■ **About this task**: An exact copy of the lines of the listing below between the "1988 jeep cherokee" line and the "SOREL Women's 10.25" line, both included, is the whole answer; please omit the pictures.

■ **Data listing**:
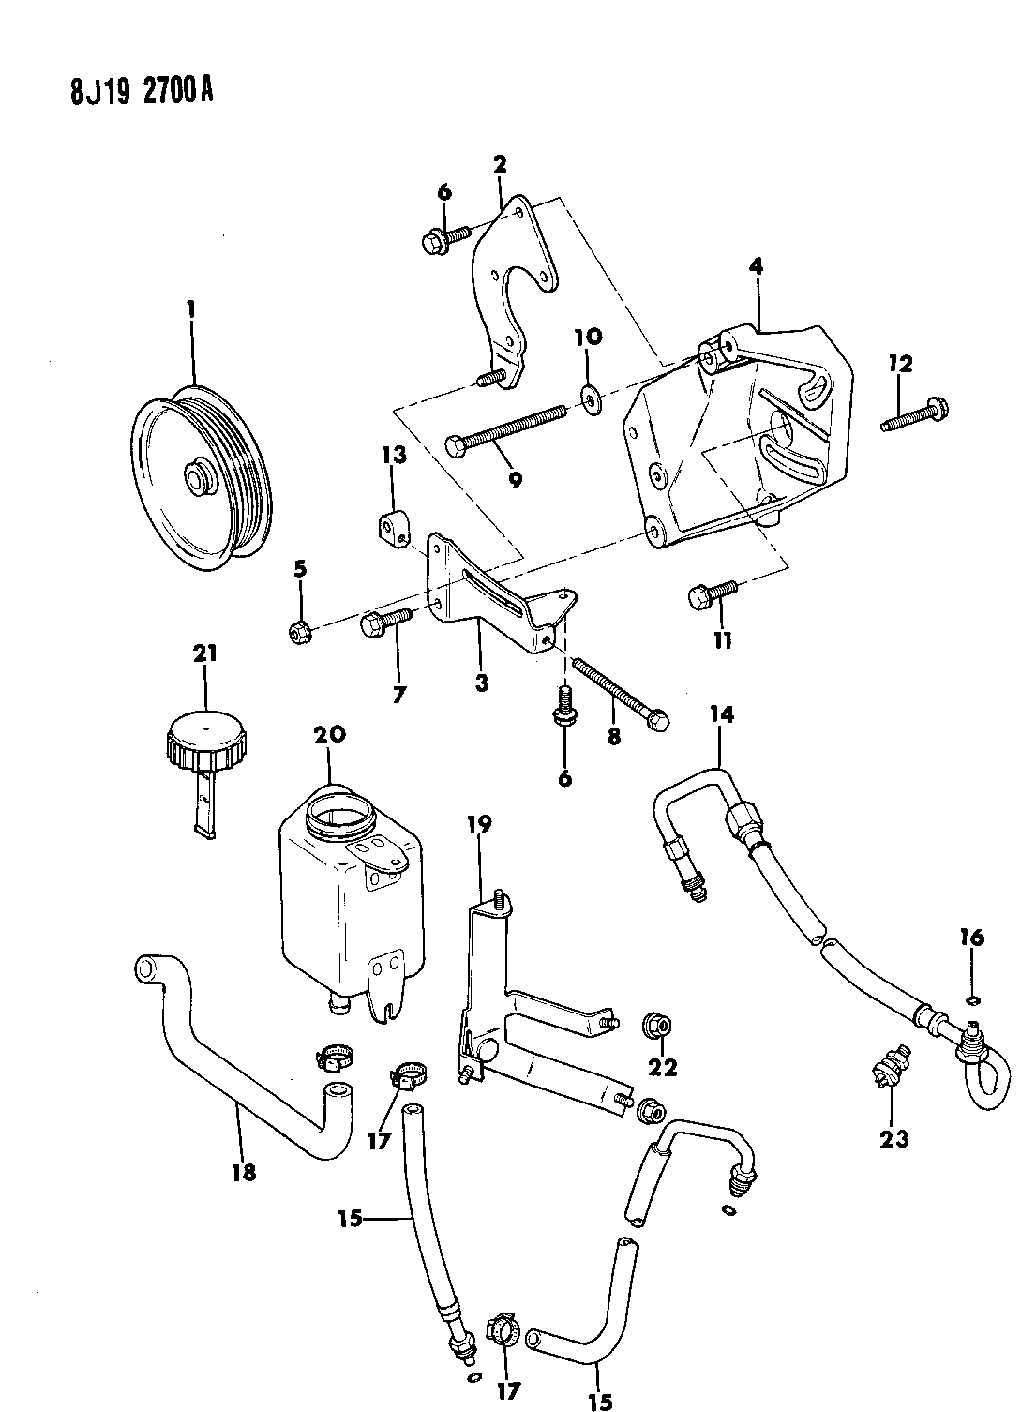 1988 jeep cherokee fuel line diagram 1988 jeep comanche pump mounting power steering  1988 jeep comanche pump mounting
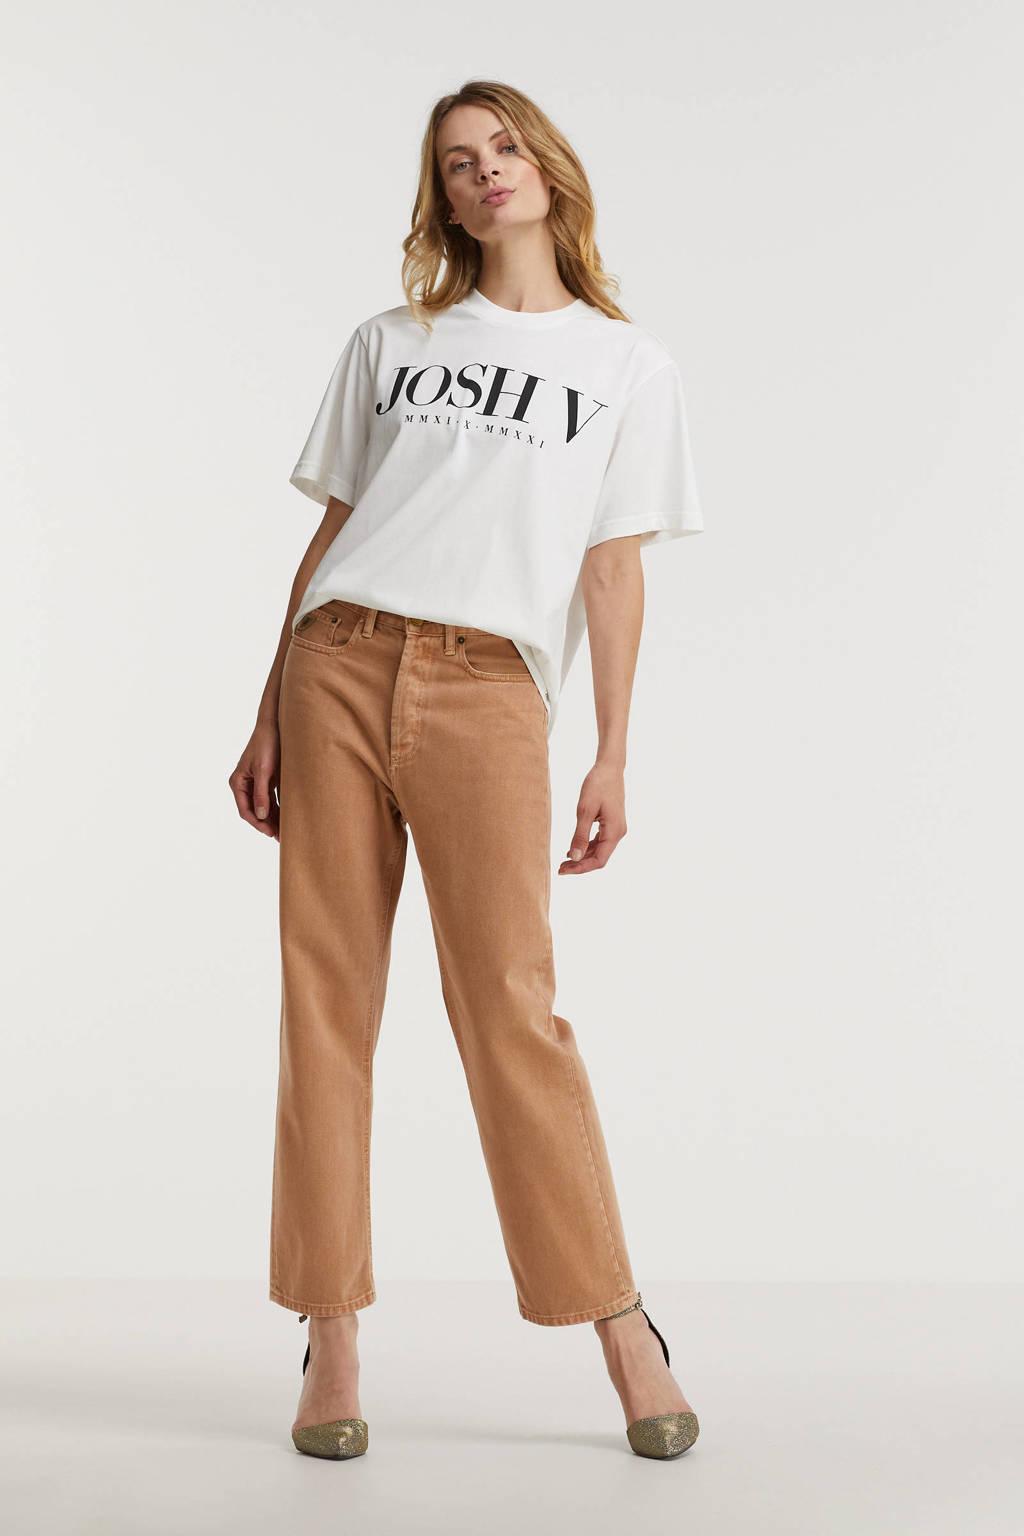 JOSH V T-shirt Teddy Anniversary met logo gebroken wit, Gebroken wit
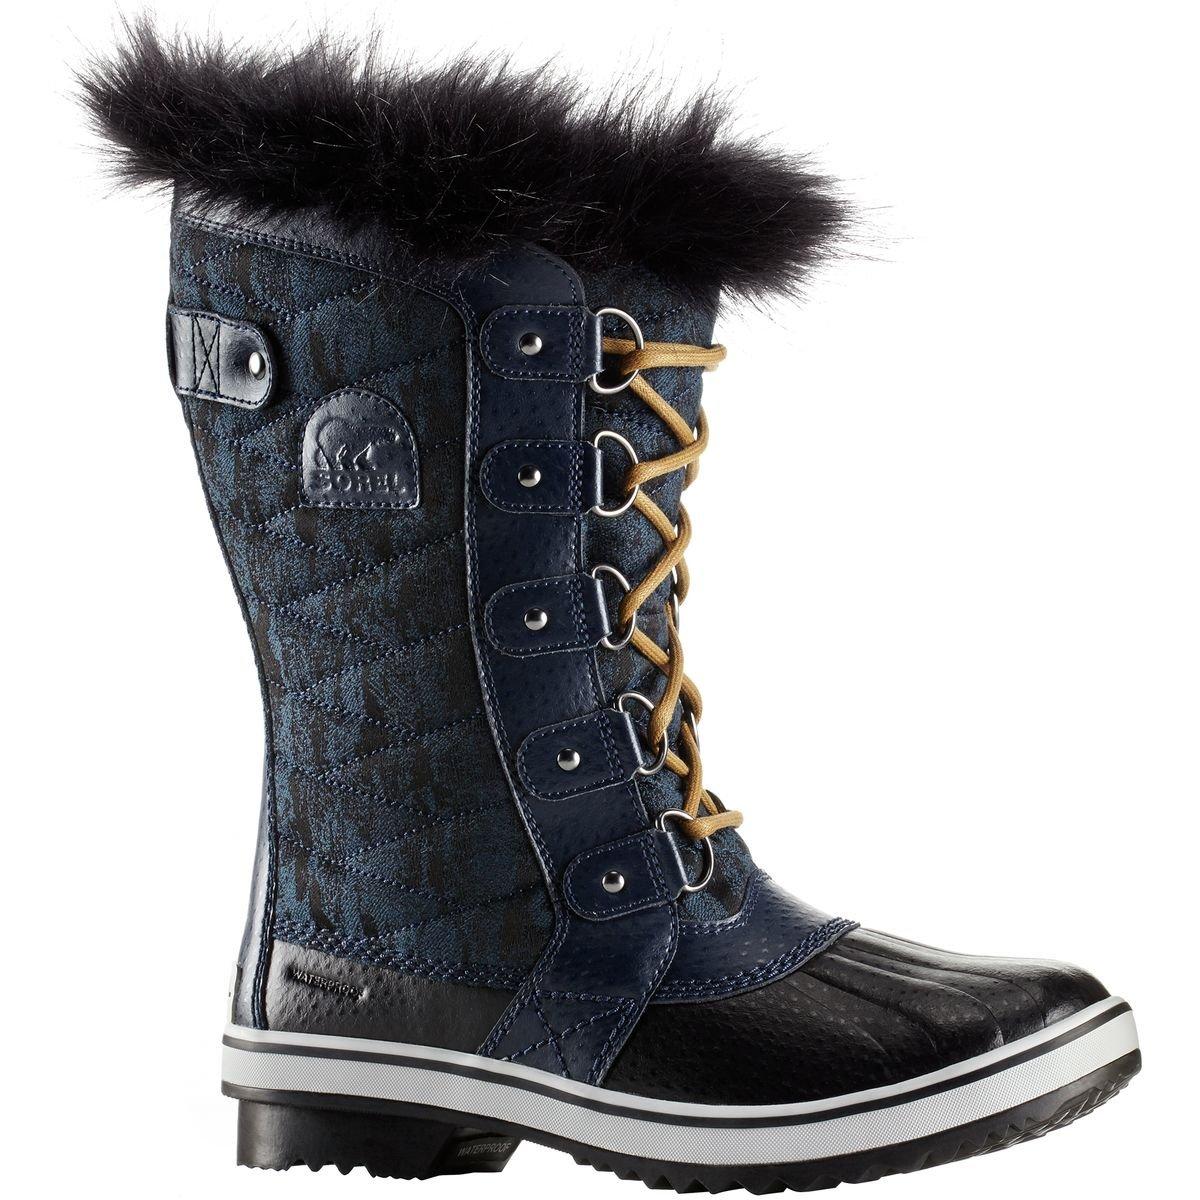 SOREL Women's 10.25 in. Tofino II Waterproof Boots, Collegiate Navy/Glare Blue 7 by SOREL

...

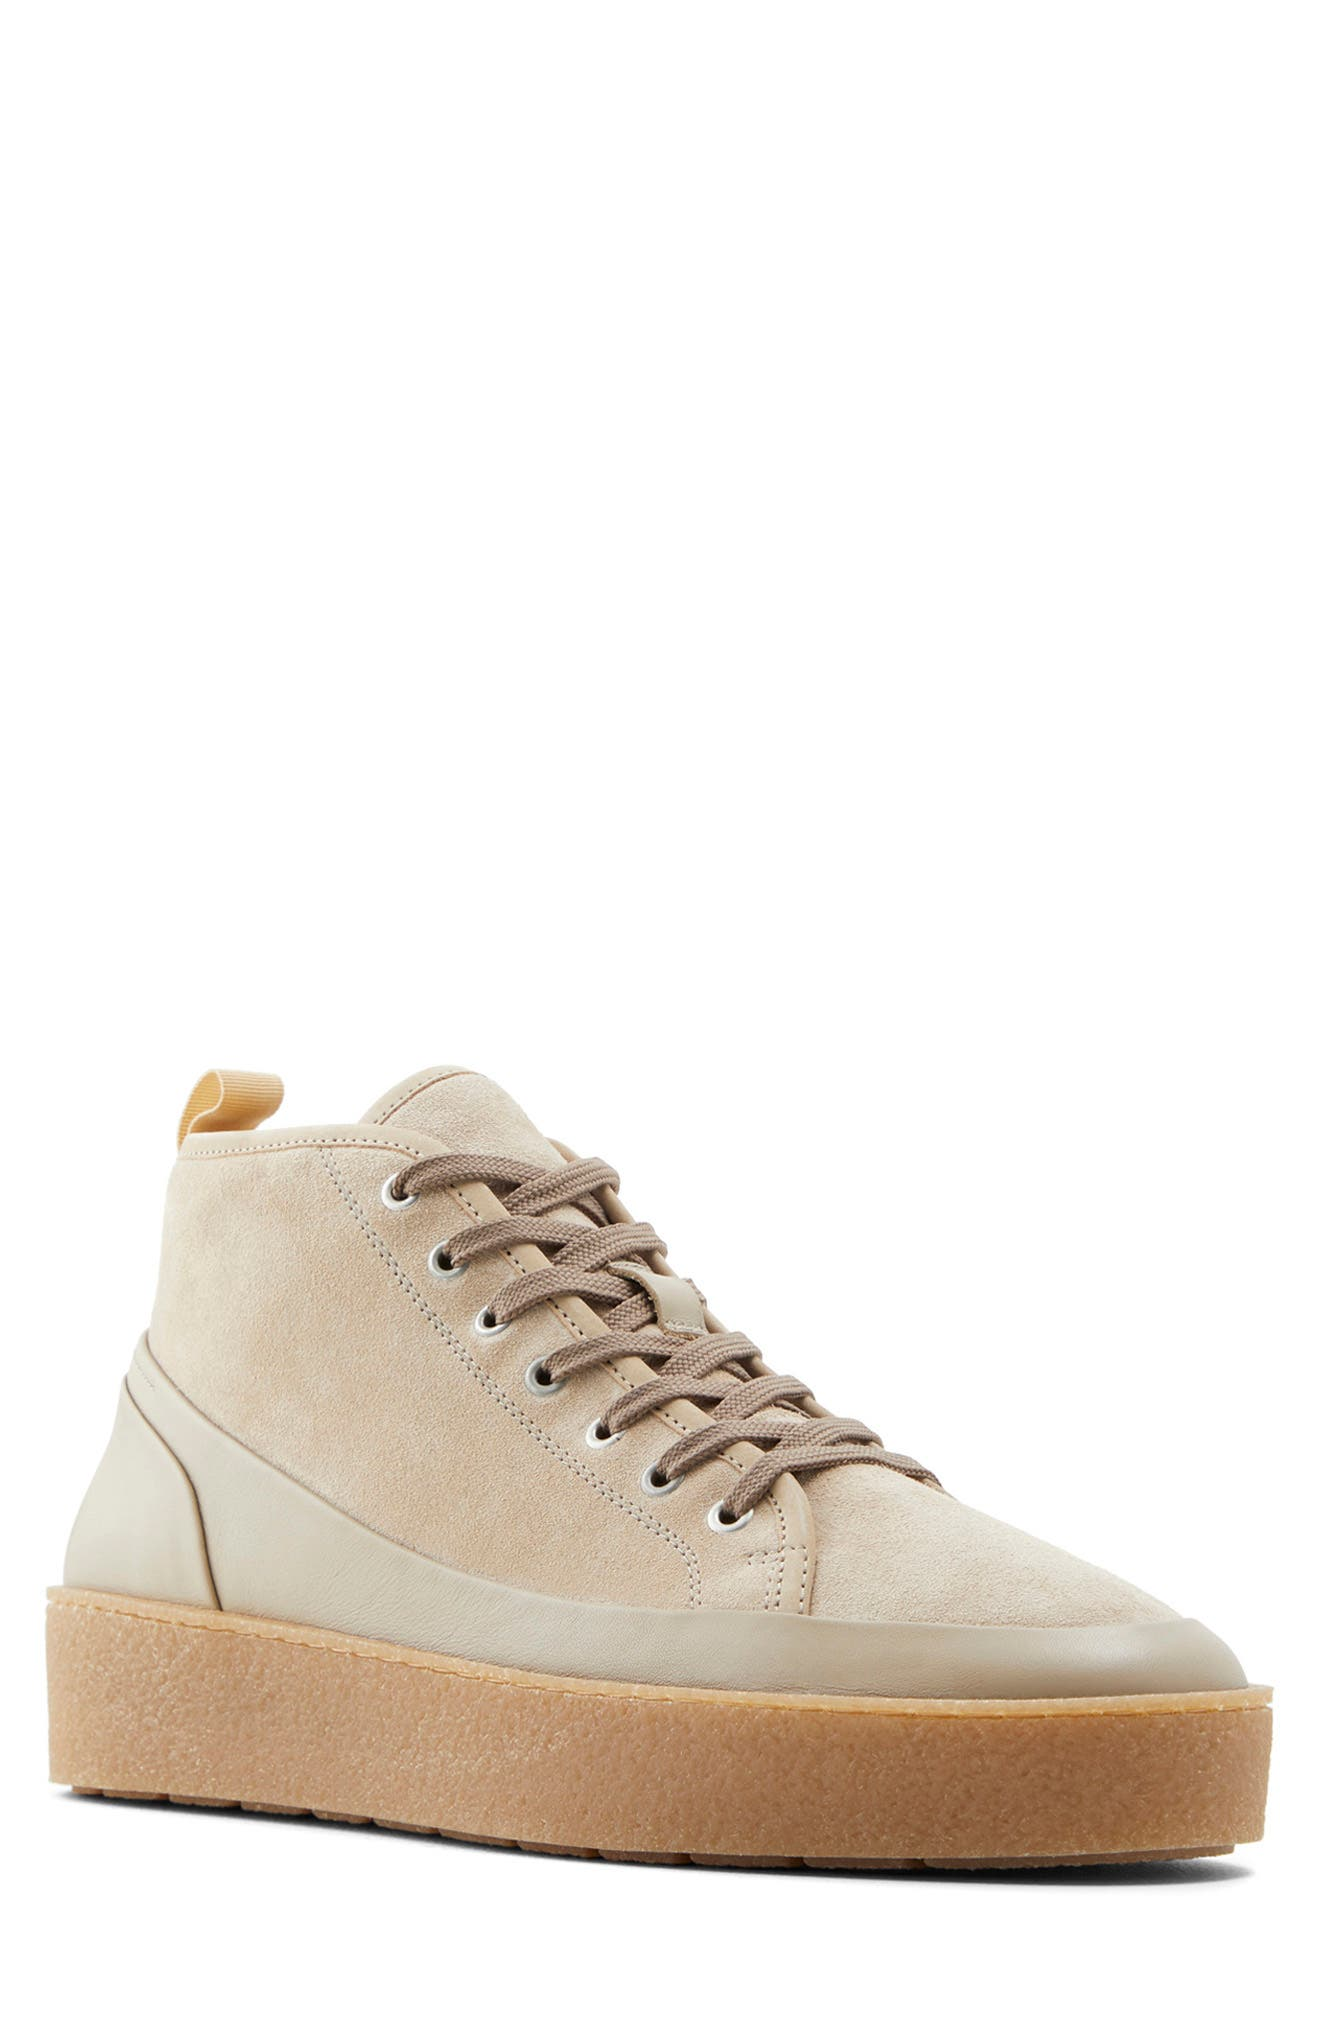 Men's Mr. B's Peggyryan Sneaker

■ **Exercise output**:
 1988 jeep cherokee fuel line diagram 1988 jeep comanche pump mounting power steering  1988 jeep comanche pump mounting
 JOSH V T-shirt Teddy Anniversary met logo gebroken wit, Gebroken wit
 SOREL Women's 10.25 in. Tofino II Waterproof Boots, Collegiate Navy/Glare Blue 7 by SOREL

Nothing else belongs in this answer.